If this is meant to be practical question, where a good approximation is sufficient, then yes your computation is good! However, it is not the exact answer.
As leonbloy pointed out, the case where all the bits are always transferred correctly isn't the only way for the message to be the same at the end. Let's think about a simpler case, with only one bit and four transfers. Let's say the bit starts as a $1$, and let's write "F" when it flips during a transfer, and "N" when nothing happens. Here are a few examples of possible scenarios :
\begin{align*}
1 \underset{N}{\longrightarrow} 1 \underset{N}{\longrightarrow} 1 \underset{N}{\longrightarrow} 1 \underset{N}{\longrightarrow} 1
\\ \\
1 \underset{N}{\longrightarrow} 1 \underset{F}{\longrightarrow} 0 \underset{N}{\longrightarrow} 0 \underset{N}{\longrightarrow} 0
\\ \\
1 \underset{F}{\longrightarrow} 0 \underset{N}{\longrightarrow} 0 \underset{N}{\longrightarrow} 0 \underset{F}{\longrightarrow} 1
\\ \\
1 \underset{F}{\longrightarrow} 0 \underset{N}{\longrightarrow} 0 \underset{F}{\longrightarrow} 1 \underset{F}{\longrightarrow} 0
\\ \\
1 \underset{F}{\longrightarrow} 0 \underset{F}{\longrightarrow} 1 \underset{F}{\longrightarrow} 0 \underset{F}{\longrightarrow} 1
\end{align*}
As you can see, there's actually many ways for the bit to be the same at the beginning and at the end. It's hard to imagine because it seems unlikely that a large message would coincidentally have the right flips to still be preserved, but it is still a non-negligible part of it.
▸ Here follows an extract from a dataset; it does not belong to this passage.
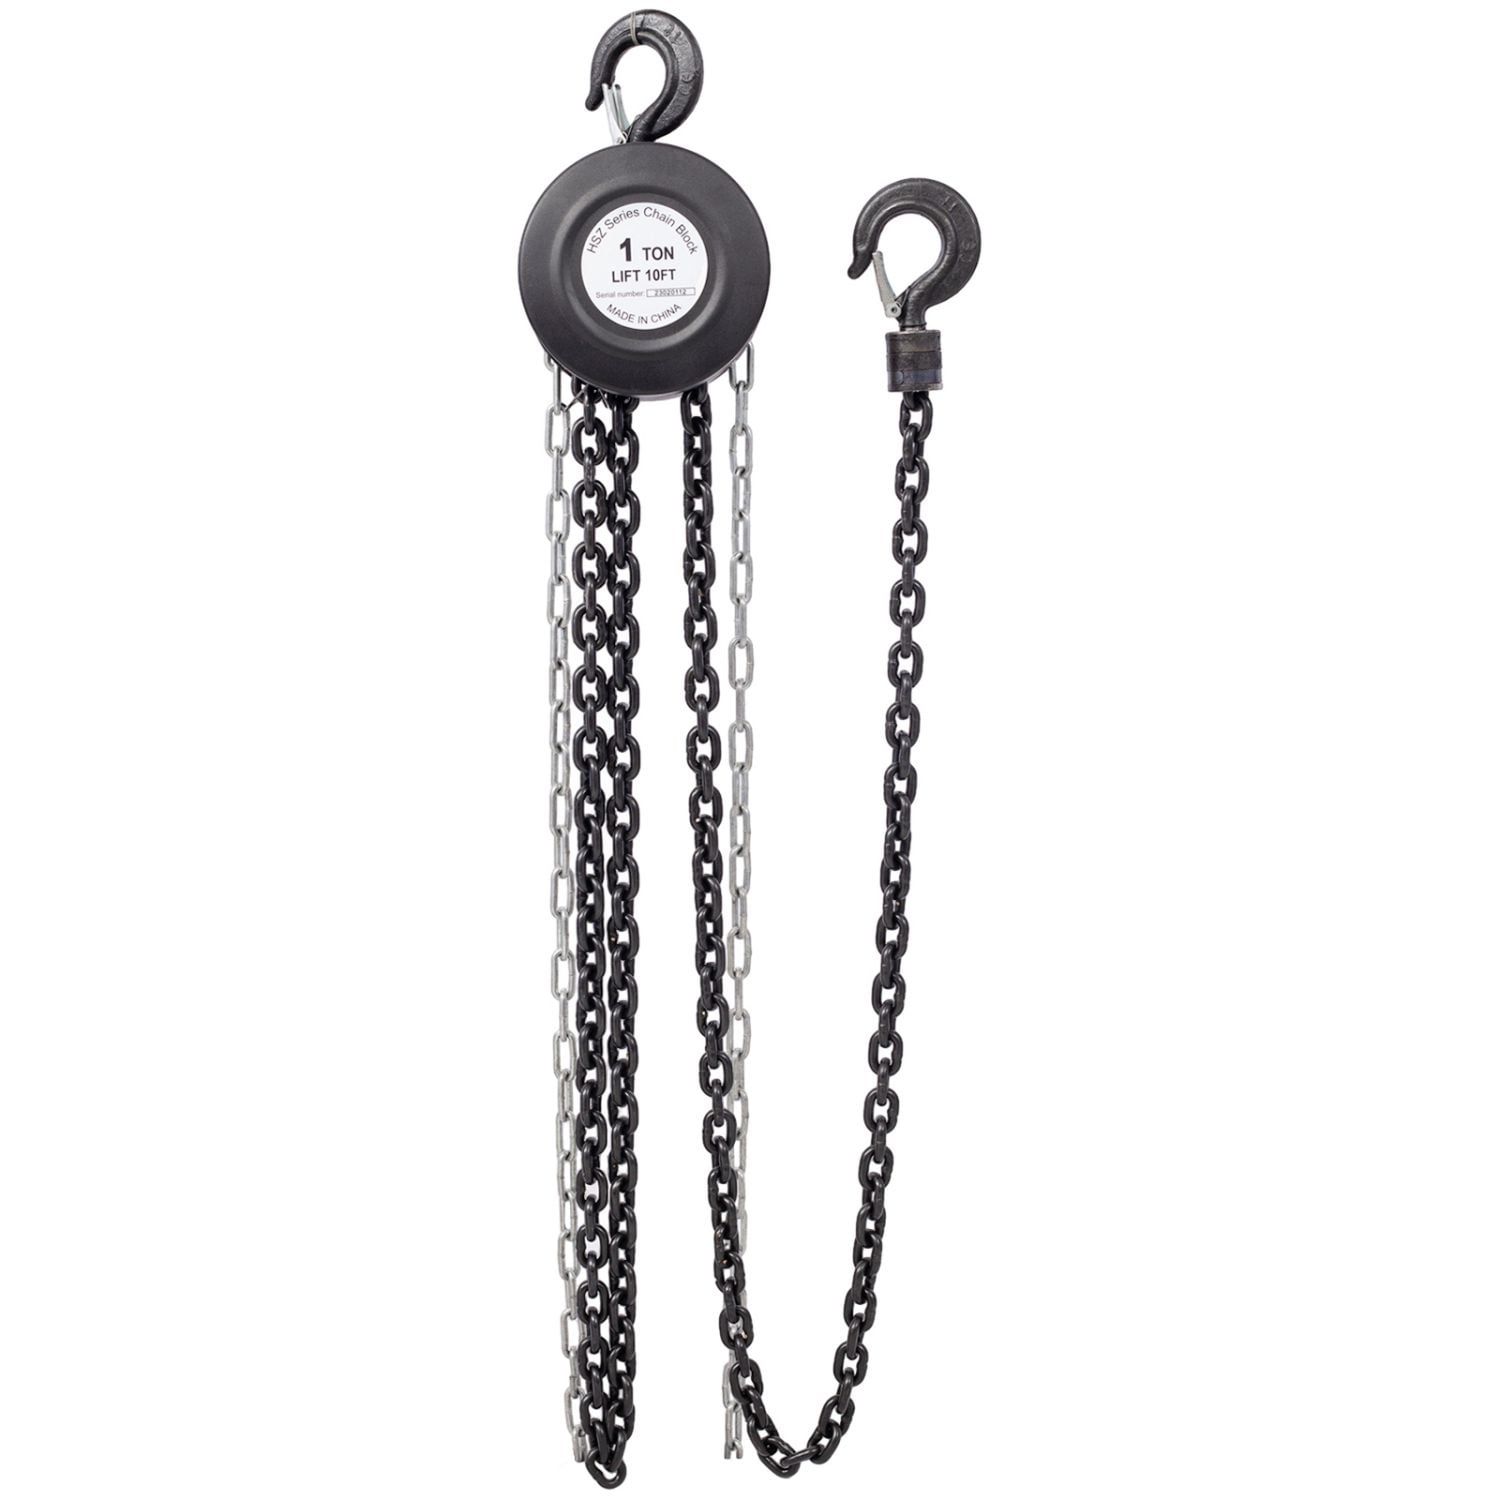 Chain hoist 2200 lbs.Black 10 ft. Steel Manual Chain Hoist Log Hook with 2 Heavy Duty Hooks
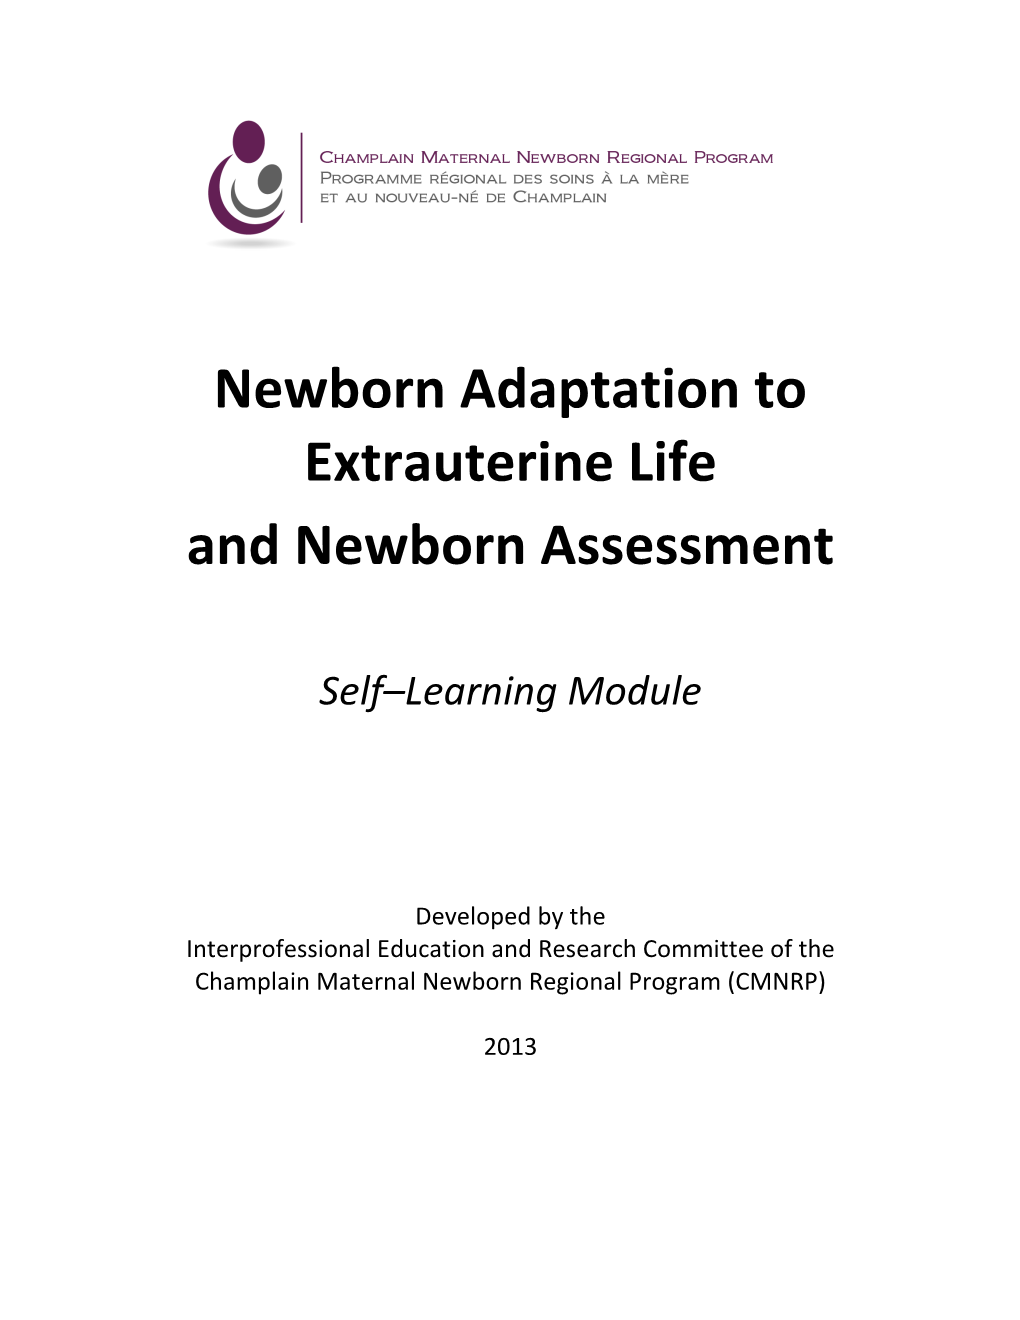 Newborn Adaptation to Extrauterine Life and Newborn Assessment

Thinking about it, you might notice that the bit stays preserved whenever there's an even number of flips happening, so that a flip is always cancelled out by another flip. In our simple case, the probability that this happens is :
$$
\mathbb{P}(\text{"preserved"}) = \mathbb{P}(\text{"0 flips" or "2 flips" or "4 flips"}),
$$
and since those events are all disjoint :
$$
\mathbb{P}(\text{"preserved"}) = \mathbb{P}(\text{"0 flips"}) + \mathbb{P}(\text{"2 flips"}) + \mathbb{P}(\text{"4 flips"}).
$$
The number of flips follows a binomial distribution, and so :
$$
\mathbb{P}(\text{"preserved"}) = \binom{4}{0}(1-p)^4 + \binom{4}{2}p^2(1-p)^2 + \binom{4}{4}p^4 \approx 0.996,
$$
which is $0.006$ higher than just the probability of no flips happening.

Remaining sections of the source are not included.